Int J Curr Pharm Res, Vol 9, Issue 1, 126-131Original Article


SYNTHESIS, IN VITRO ANTIMICROBIAL ACTIVITY OF SCHIFF’S BASE, AZETIDINONES AND THIAZOLIDINONES

BHAVNABEN D. MISTRY*, KISHOR R. DESAI**, NIGAM J. DESAI**

*Department of Chemistry, B. K. M. Science College, Valsad, **Department of Chemistry, Uka Tarsadia University, Bardoli-Surat
Email: bhavana_mistry11@yahoo.co.in

Received: 01 Oct 2016, Revised and Accepted: 05 Dec 2016


ABSTRACT

Objective: The objective of the present study is to synthesize 3-Chloro-4-[3-(2,4-dichloro-5-fluoro phenyl)-1H-pyrazol-4-yl]-1-(substituted) azetidin-2-one [4a-n] and 2-[3-(2,4-Dichloro-5-fluoro phenyl)-1H-pyraol-4-yl]-3-(substituted phenyl)-1,3-thiazolidin-4-one [5a-n]. The structure of all synthesized compounds were characterized by IR, 1H NMR, 13C NMR and mass spectral studies.

Methods: The titled compounds 3-Chloro-4-[3-(2,4-dichloro-5-fluoro phenyl)-1H-pyrazol-4-yl]-1-(substituted) azetidin-2-one [4a-n] and 2-[3-(2,4-Dichloro-5-fluoro phenyl)-1H-pyraol-4-yl]-3-(substituted phenyl)-1,3-thiazolidin-4-one [5a-n] were synthesized by the reaction of N-{[3-(2,4-dichloro-5-fluoro phenyl)-1H-pyraol-4-yl] methylene } substituted anilin [3a-n] with chloro acetyl chloride and thioglycolic acid respectively. Compounds N-{[3-(2,4-dichloro-5-fluoro phenyl)-1H-pyraol-4-yl] methylene} substituted aniline [3a-n] were synthesized by the reaction of 3-(2,4-dichloro-5-fluoro phenyl)-1H-pyrazol-4-carbaldehyde [2] with primary aromatic amine in alcohol. All compounds were evaluated for their antimicrobial activity.

Results: Compounds 3a,3b,3d,3j,3l,4d,4e,4j,4l,4m,5e,5g,5h,5n exhibited excellent to good antibacterial activity as compared to reference drugs.

Conclusion: In summary, N-{[3-(2,4-dichloro-5-fluoro phenyl)-1H-pyraol-4-yl] methylene } substituted anilin [3a-n], 3-Chloro-4-[3-(2,4-dichloro-5-fluoro phenyl)-1H-pyrazol-4-yl]-1-(substituted) azetidin-2-one [4a-n] and 2-[3-(2,4-Dichloro-5-fluoro phenyl)-1H-pyraol-4-yl]-3-(substituted phenyl)-1,3-thiazolidin-4-one [5a-n] derivatives have been synthesized and characterized. In vitro antimicrobial testing of the compounds was carried out by microdilution Method. Amongst the synthesised compounds, many of them had proven their antimicrobial potency which varies from good to excellent.

Keywords: Schiff’s base, 2-Azetidinone, 4-Thiazolidinone, Antimicrobial activity


INTRODUCTION

Heteroaromatic compounds have attracted considerable attention in the design of biologically active molecules and advanced organic materials. Heterocycles containing nitrogen atoms in the core structure shows a number of pharmacologically and biologically active compounds. Hence, a practical method for the preparation of such compounds is of great interest in synthetic organic chemistry. Structurally, a Schiff's base (also known as imine or azomethine) is a nitrogen analogue of an aldehyde or ketone in which the carbonyl group has been replaced by an imine or azomethine group. Schiff’s bases of pyrazole aldehydes and aromatic amines exhibit a wide range of biological activities such as antifungal [1], antibacterial [2] and antitubercular [3] etc. The biological significance of this class of compounds impelled us to continue working on the synthesis of new schiff’s bases of pyrazole derivatives.

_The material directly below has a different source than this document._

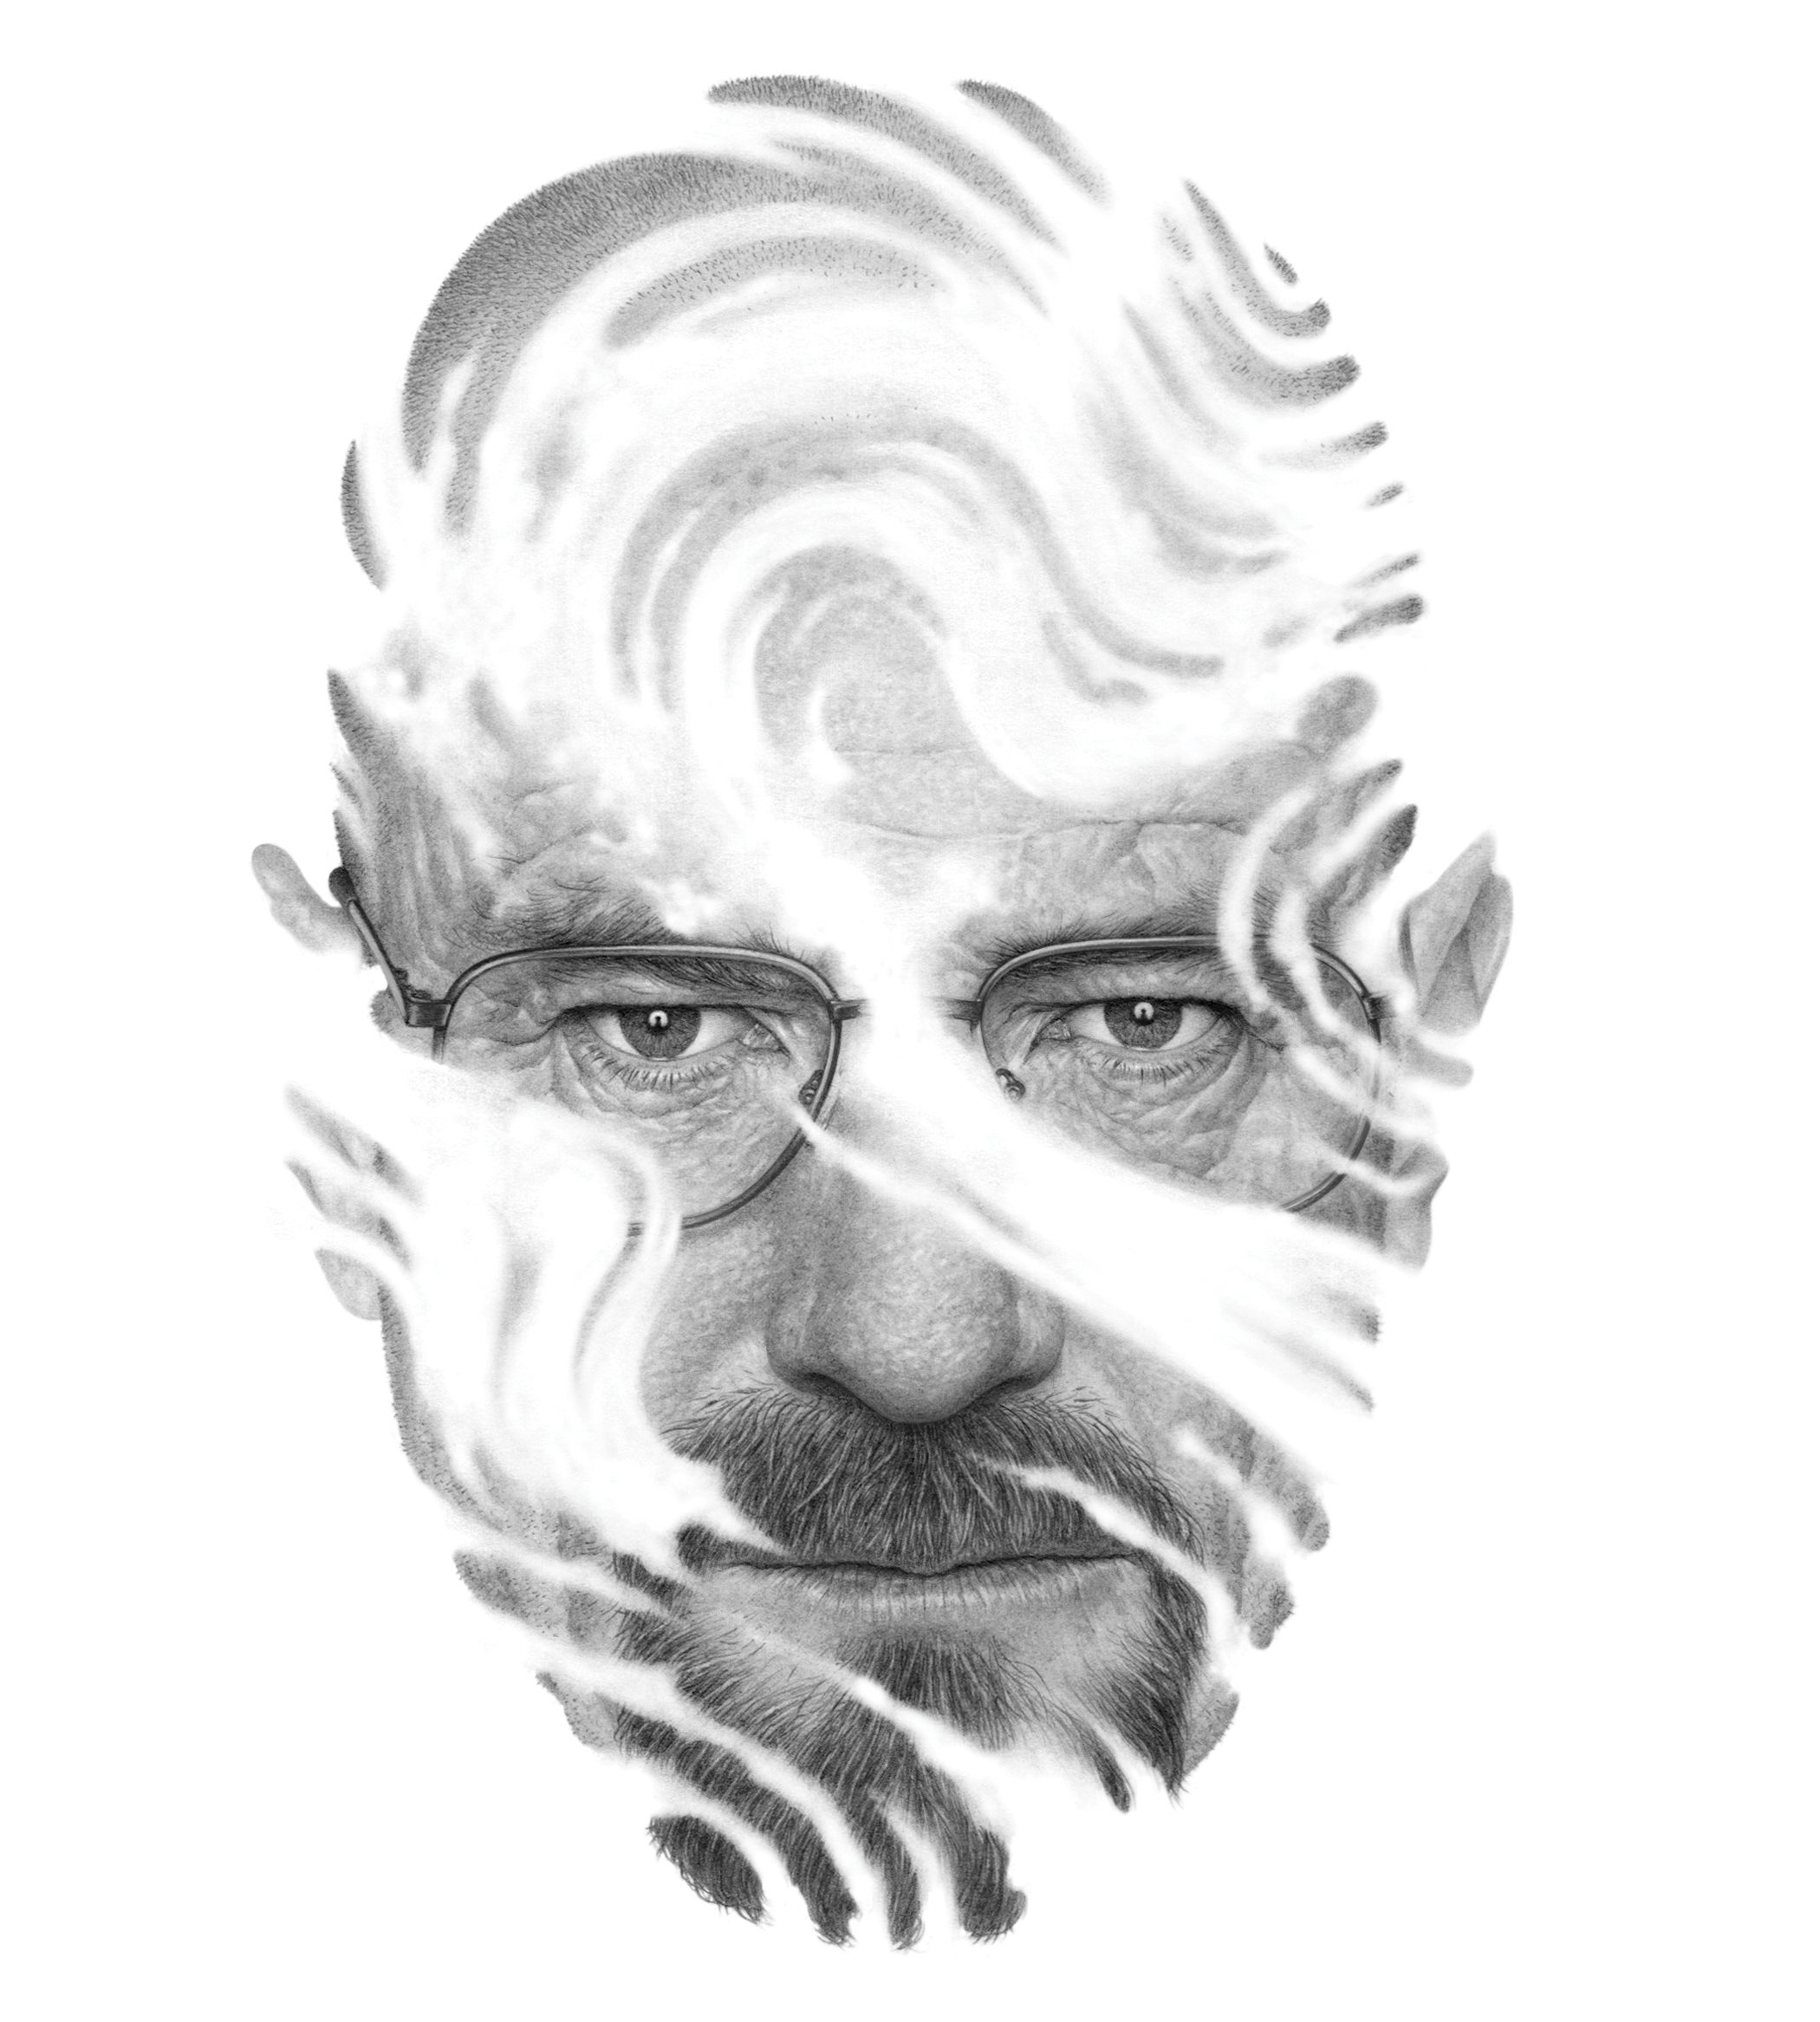 Heisenberg Lives: What Happens When Walter White Leaves Us? by David Thomson http://on.tnr.com/17HY0yP Illustration by Boris Pelcer

β-Lactam containing antibacterial agents has become an integral part of chemotherapeutic arsenal available to today’s medical practitioners. Although the number of existing agents are quite extensive, but the search for better and more effective drug is still going on. Azetidinones are the very important class of compounds possessing a wide range of biological activities such as antibacterial [4], anti-inflammatory [5], antihyperlipidemic [6], anticancer [7], antimicrobial [8], antitumor [9], antitubercular [10] etc. Furthermore, thiazolidinone derivatives found to possess a wide spectrum of biological activities [11-17].

MATERIALS AND METHODS

Melting points were determined by open capillaries and are uncorrected. The progress of the reaction was checked on aluminium coated TLC plates (E. Merck) using various solvent systems as mobile phase and visualised under iodine vapour. IR-spectra (cm-1) were recorded on a Shimadzu FT-IR spectrophotometer using KBr pellet method. 1H NMR and 13C NMR spectra were recorded on a Bruker DRX-300 NMR instrument, using CDCl3 as solvent and TMS as an internal reference (chemical shifts in δ, ppm). Mass spectra were obtained on an Agilent 6520 (Q-TOF) Mass spectrometer.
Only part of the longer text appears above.